Canada’s student men’s team will play for the bronze medal after a tough 78-68 loss to the Russian Federation at the 27th FISU Summer Universiade. Team Canada’s record at the competition – also known as the World University Games – is now 6-1.
The Russian squad came out in the first quarter playing with an aggressive edge. Buoyed by a strong hometown crowd, Russia pushed the pace as Canada fell behind early. After 10 minutes of play, the Russian side had built a 22-11 lead. The Russians continued to push ahead and extended the lead to 25 before Canada finished with a solid response over the half’s final minutes. Canada ended the period showing signs of life, but still trailed 43-26 at the break.

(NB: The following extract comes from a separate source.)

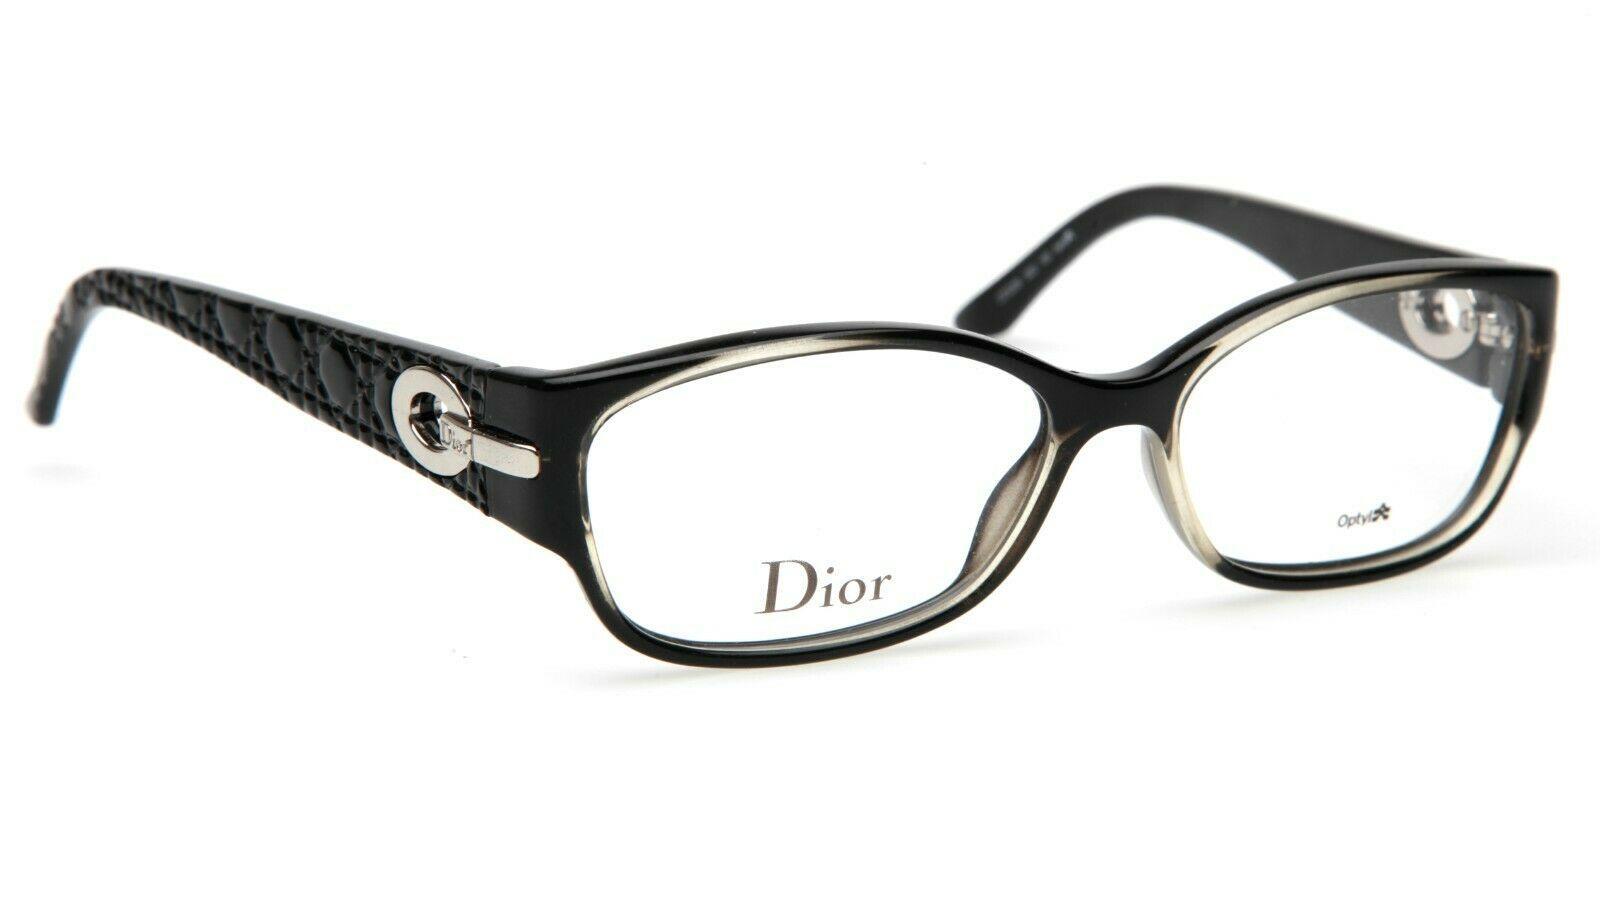 New Christian Dior CD3205 S02 Black EYEGLASSES FRAME 54-15-135mm Italy - $151.89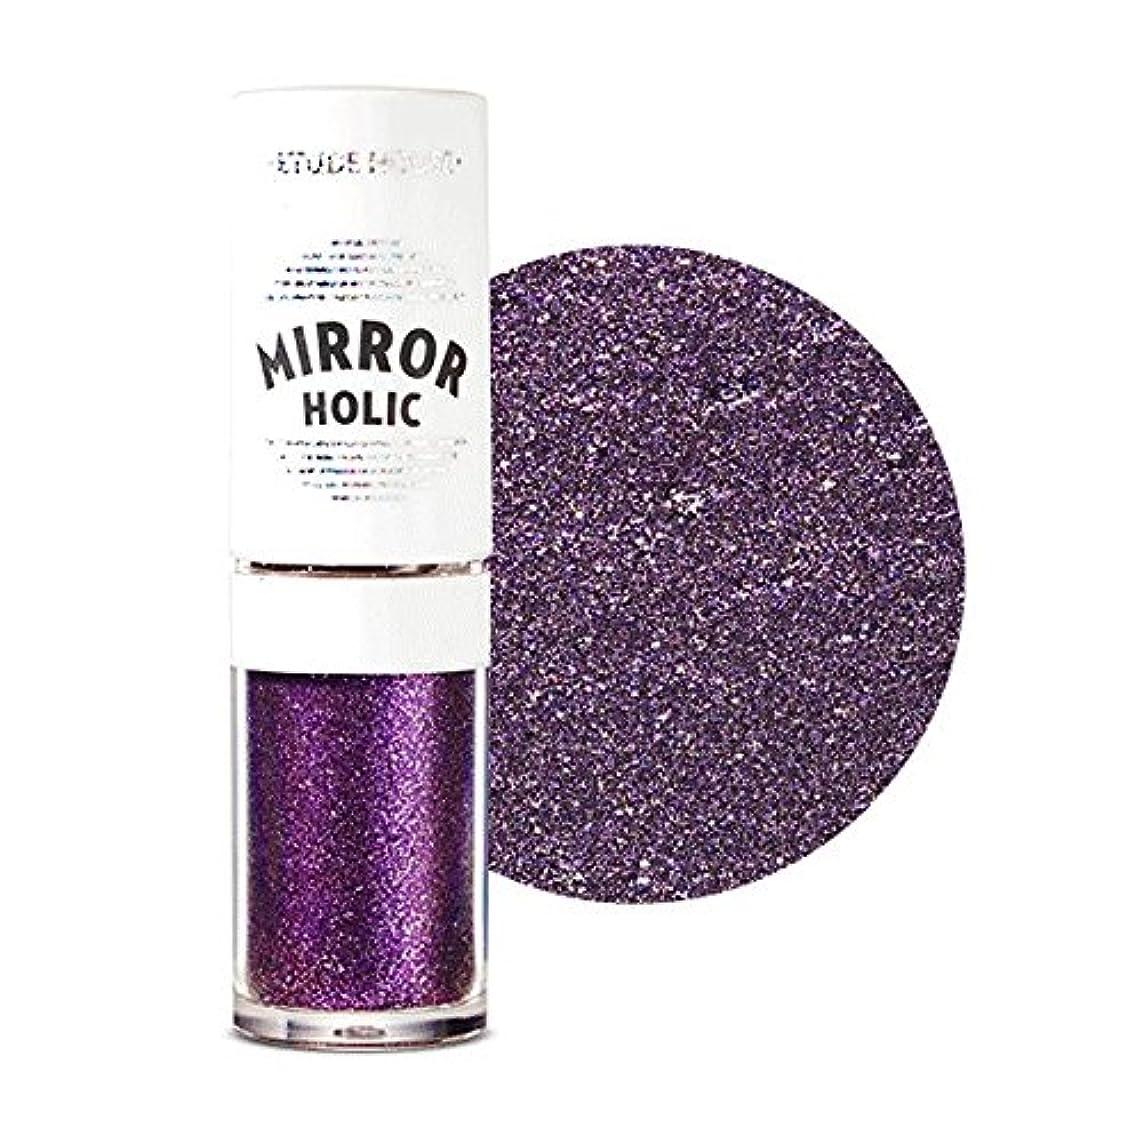 またねネックレット鳴らすETUDE HOUSE Mirror Holic Liquid Eyes / エチュードハウス ミラーホリックリキッドアイズ ミラーホリックリキッドアイズ (PP501) [並行輸入品]

A more even third quarter saw Canada continue to compete with the Russians. The two teams traded chances throughout the second-half opener, but Canada fell behind 64-44 by the end of the frame. The final 10 minutes saw Team Canada battle back with a determined effort. The Red and White started to execute on both sides of the court, getting key defensive stops while also finishing in the Russian end. Canada outscored Russia 24-14 in the quarter, but could not erase its first-half deficit.
Toronto, Ont. native Daniel Mullings led the way for Canada with 12 points, seven rebounds and three assists. Fellow Ontarians Melvin Ejim and Brady Heslip also notched a dozen points on the day. Heslip’s points all came from beyond-the-arc as the Burlington product continued to shoot the ball well from long range. The game’s full set of statistics can be found here.
“We gave them too many looks and let them get into a rhythm because we turned the ball over so much. Twenty-three turnovers is too many to give a team like that,” said head coach Jay Triano, when speaking about the match to Canadian Interuniversity Sport (CIS).
He added that, “As a group we talked about not playing the outcome, we talked about playing every possession. That’s how you become a good basketball team and that’s why we’re here.
Triano and his charges will need to put this loss – the first of their summer following a 9-0 tournament in China – behind them as they prepare for the bronze-medal match on Tuesday at 11:00 a.m. (ET). In the bout for third place, Canada will face Serbia, who lost 65-62 to Australia in the other semifinal match-up.